## EXERCISE DESCRIPTION
Everything in the listing should be copied exactly, save for the pictures.

INPUT RECORDS START

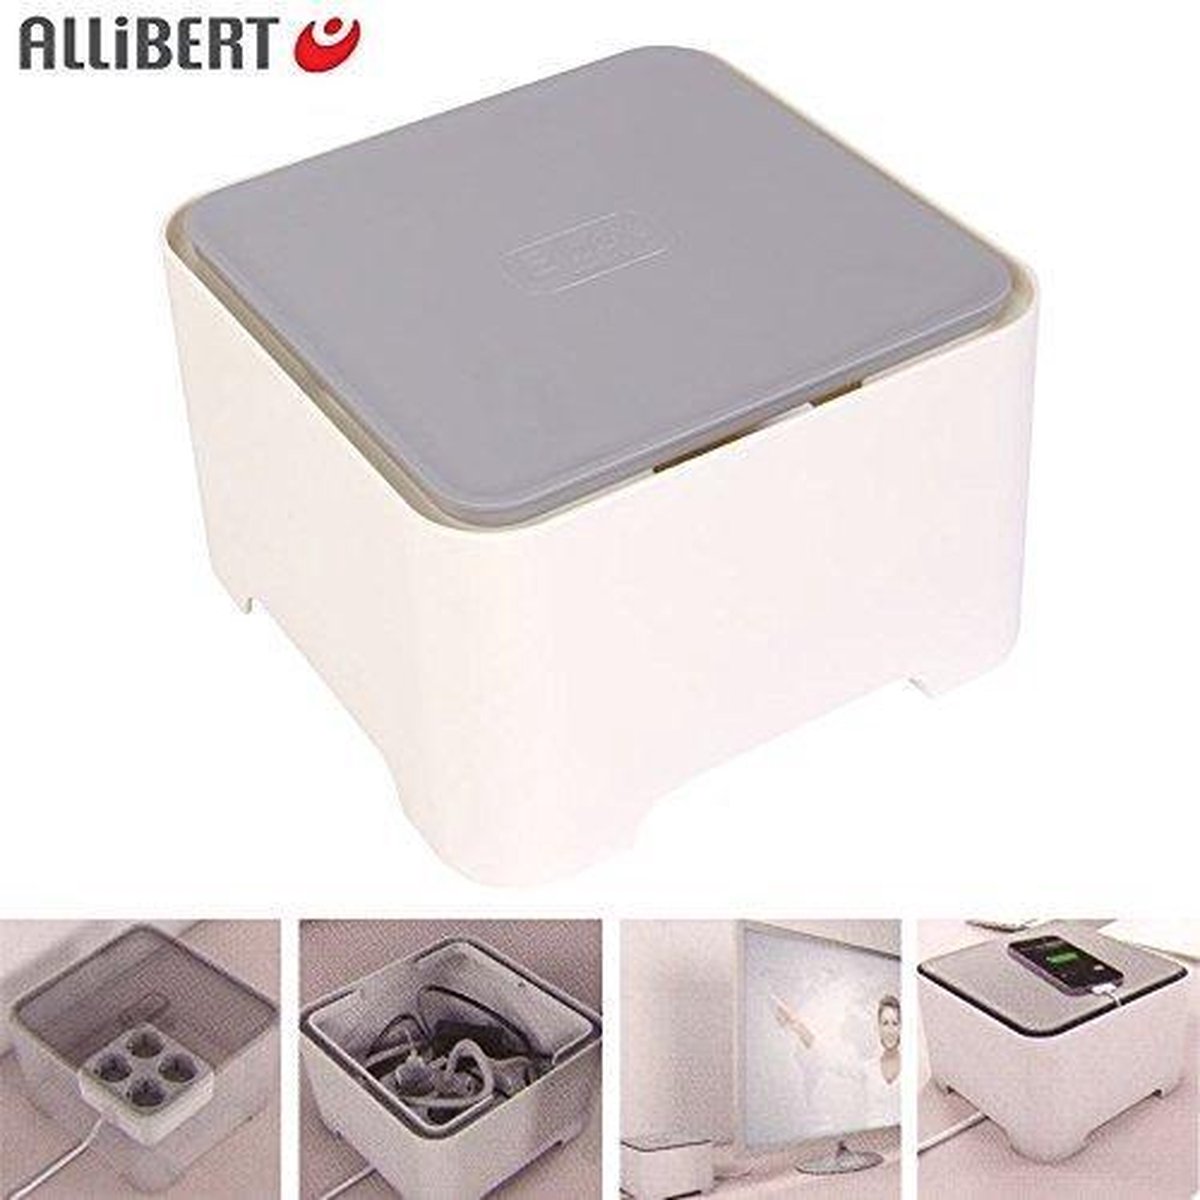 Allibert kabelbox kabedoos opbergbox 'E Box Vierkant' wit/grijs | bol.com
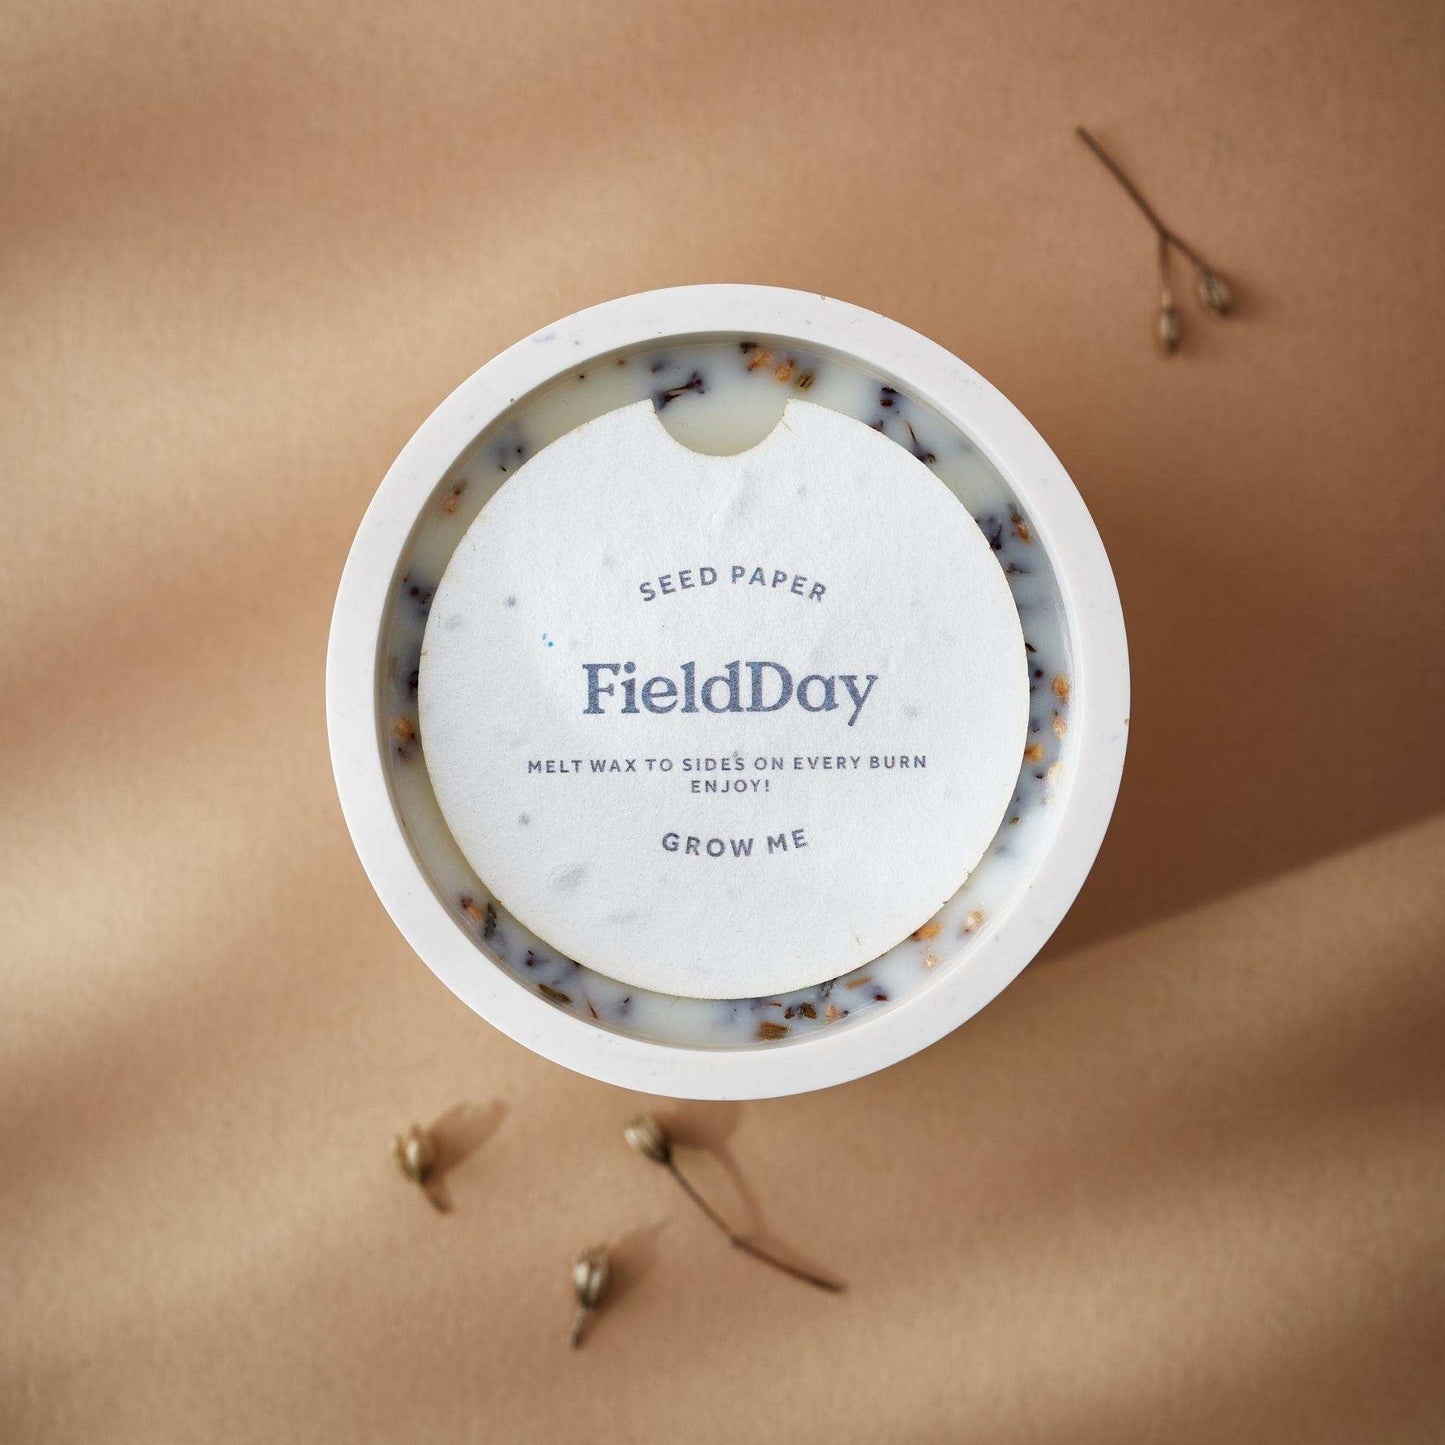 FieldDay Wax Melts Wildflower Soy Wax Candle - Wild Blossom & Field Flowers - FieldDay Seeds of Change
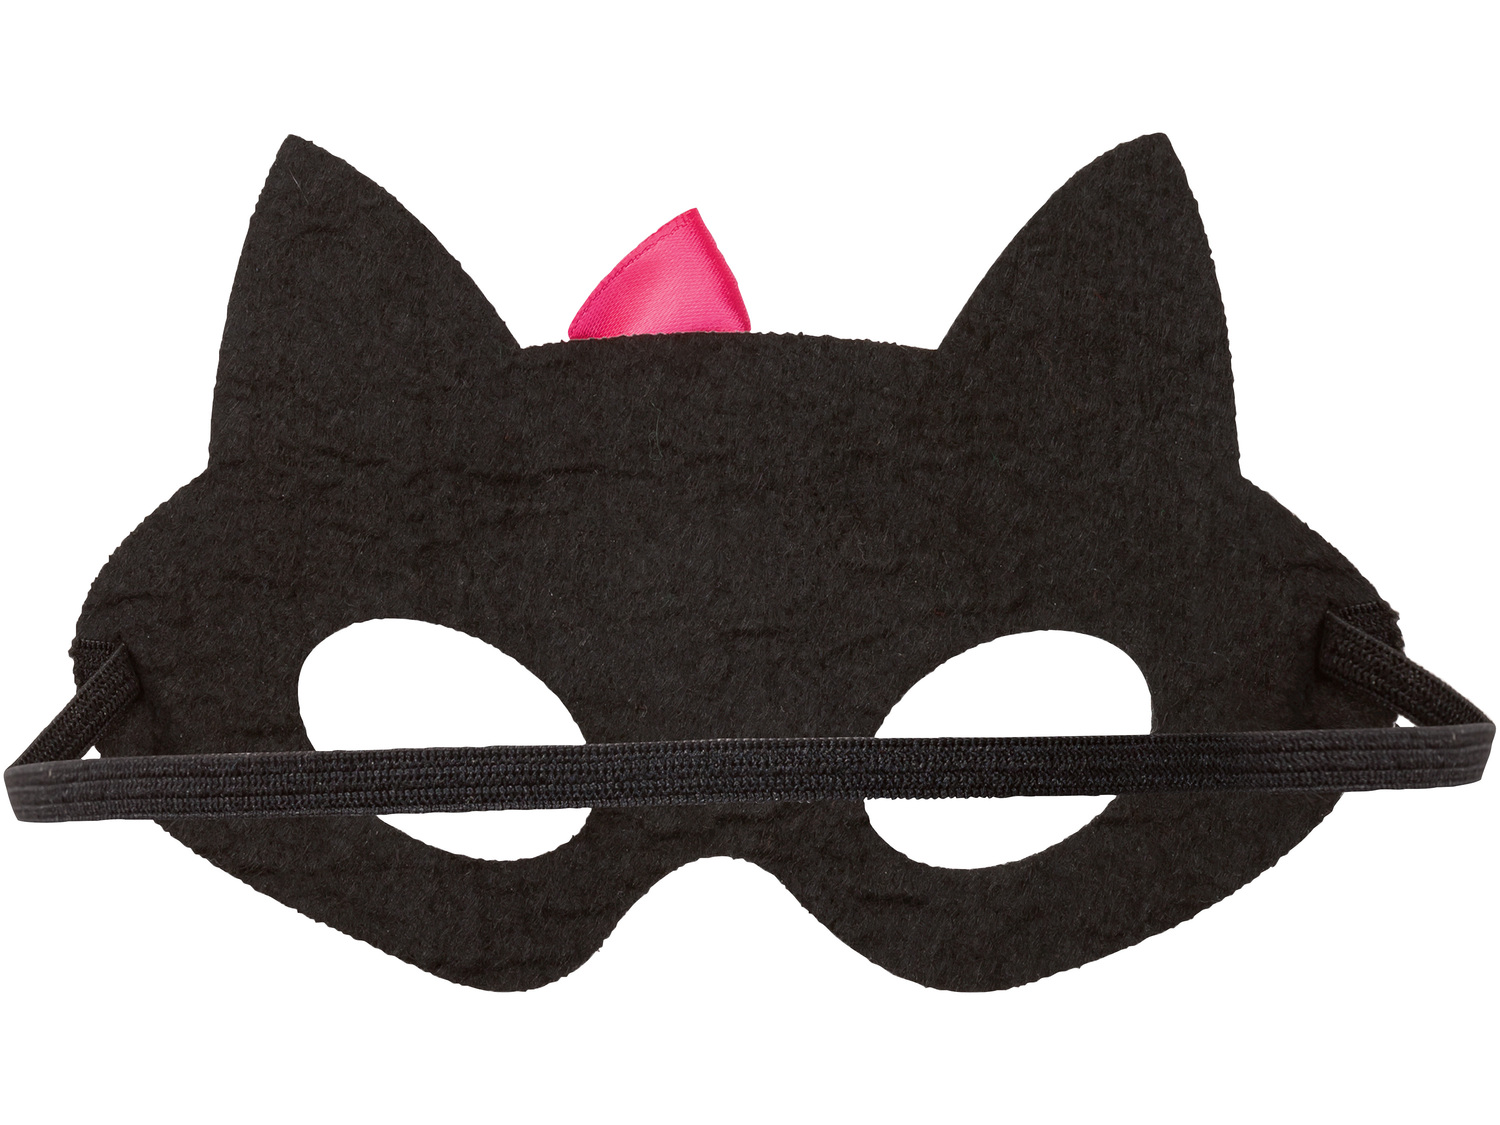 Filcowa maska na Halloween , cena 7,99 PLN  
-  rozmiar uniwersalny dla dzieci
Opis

INPUT RECORDS END

## REPLY TO THE TASK
 Allibert kabelbox kabedoos opbergbox 'E Box Vierkant' wit/grijs | bol.com
 FieldDay Wax Melts Wildflower Soy Wax Candle - Wild Blossom & Field Flowers - FieldDay Seeds of Change
 Filcowa maska na Halloween , cena 7,99 PLN  
-  rozmiar uniwersalny dla dzieci
Opis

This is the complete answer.